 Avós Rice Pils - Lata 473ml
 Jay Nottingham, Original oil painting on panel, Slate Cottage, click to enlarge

---

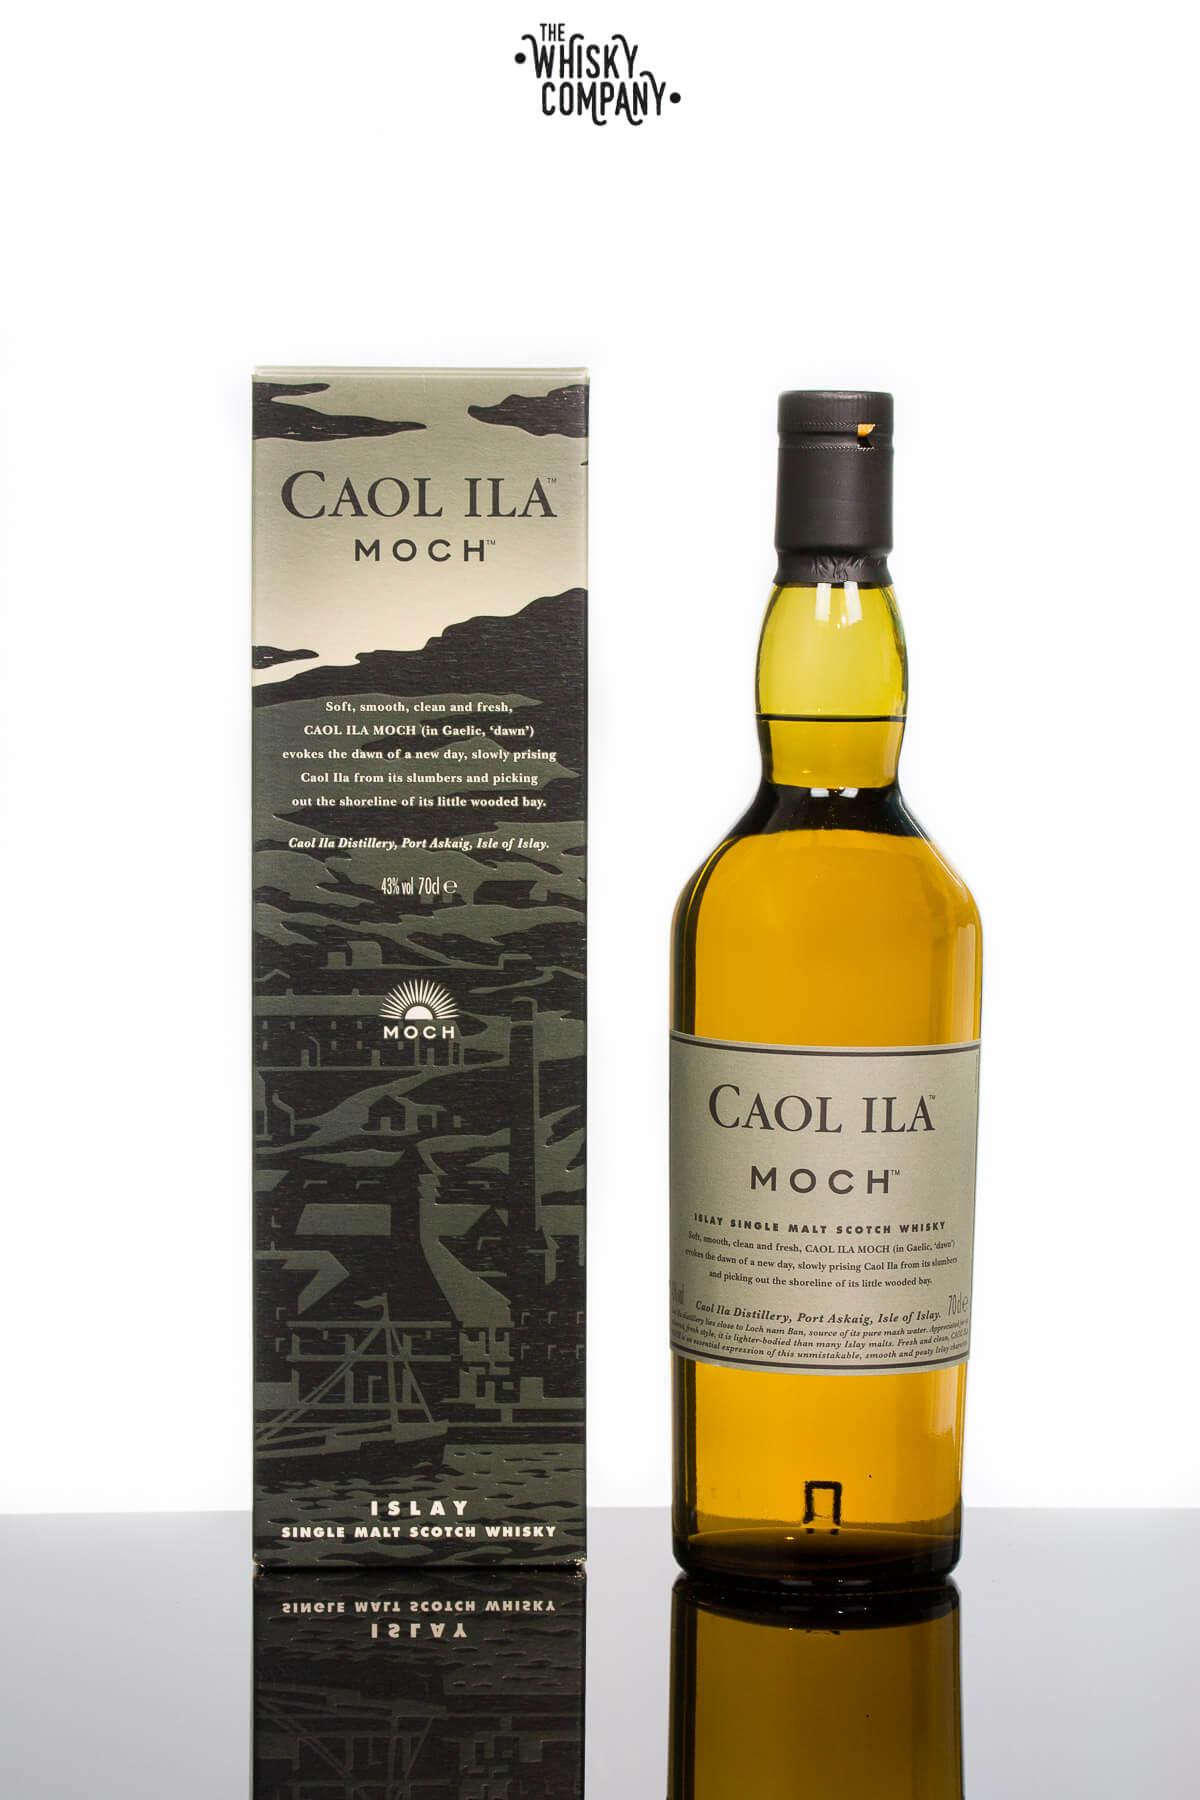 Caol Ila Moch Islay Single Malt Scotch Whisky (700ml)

▶ [Your assignment]: Only one stretch of the entries above is wanted: the lines from the one containing "Avós Rice Pils - Lata 473ml" through the one containing "Jay Nottingham, Original". Please reproduce it exactly.

▶ [Written answer]:
 Avós Rice Pils - Lata 473ml
 Jay Nottingham, Original oil painting on panel, Slate Cottage, click to enlarge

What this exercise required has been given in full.